Item 11. Executive Compensation.
     The information required for this item is incorporated by reference to pages 17 (under the caption “Compensation of Directors”) through 18; pages 26 (beginning with the caption “Summary Compensation Table”) through 29; pages 31 (beginning with the caption “Annual Benefits Payable Under Merck & Co., Inc. Retirement Plans”) to 38; page 15 (under the caption “Compensation Committee Interlocks and Insider Participation”) of the Company’s Proxy Statement for the Annual Meeting of Stockholders to be held April 25, 2006.
Item 12. Security Ownership of Certain Beneficial Owners and Management and Related Stockholder Matters.

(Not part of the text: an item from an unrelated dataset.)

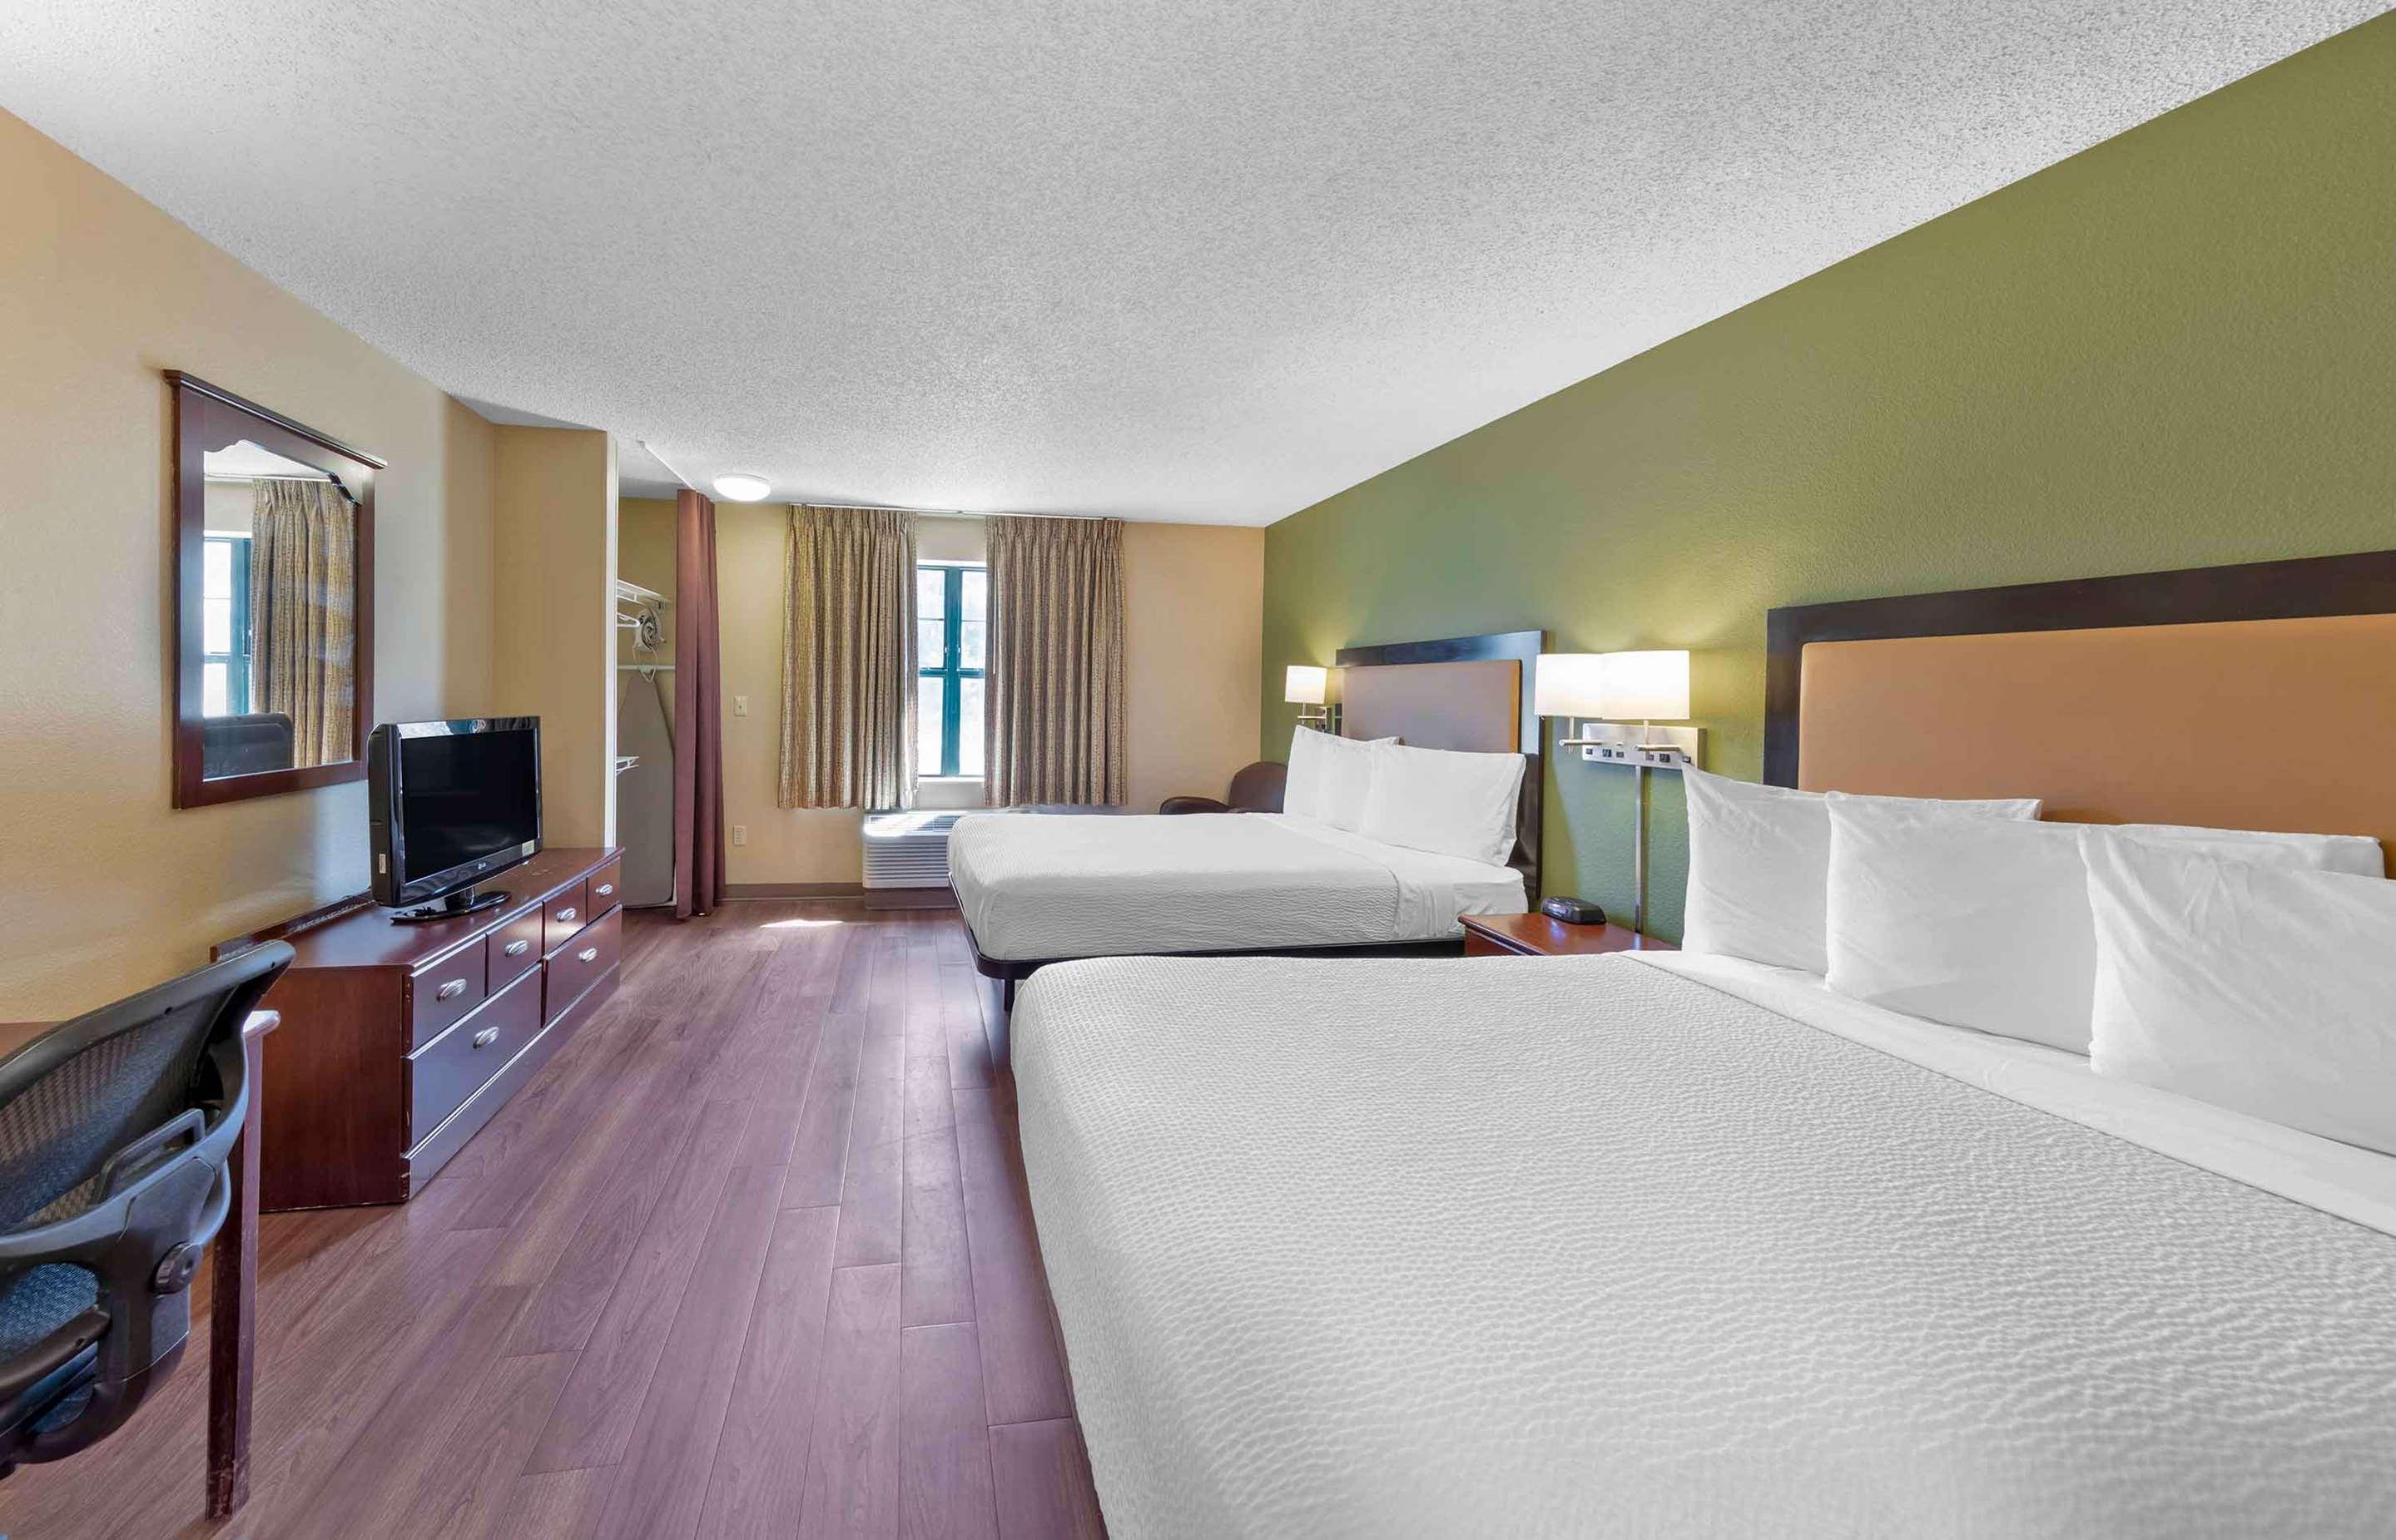 Holiday Inn Express & Suites SEATTLE NORTH - LYNNWOOD 𝗕𝗢𝗢𝗞 Snohomish  Hotel 𝘄𝗶𝘁𝗵 ₹𝟬 𝗣𝗔𝗬𝗠𝗘𝗡𝗧

     Information with respect to securities authorized for issuance under equity compensation plans is incorporated by reference to page 30 (under the caption “Equity Compensation Plan Information”) of the Company’s Proxy Statement for the Annual Meeting of Stockholders to be held April 25, 2006. Information with respect to security ownership of certain beneficial owners and management is incorporated by reference to pages 19 (under the caption “Security Ownership of Certain Beneficial Owners and Management”) to 20 of the Company’s Proxy Statement for the Annual Meeting of Stockholders to be held April 25, 2006.
Item 13. Certain Relationships and Related Transactions.
     The information required for this item is incorporated by reference to page 12 (under the caption “Relationships with Outside Firms”) and page 38 (under the caption “Indebtedness of Management”) of the Company’s Proxy Statement for the Annual Meeting of Stockholders to be held April 25, 2006.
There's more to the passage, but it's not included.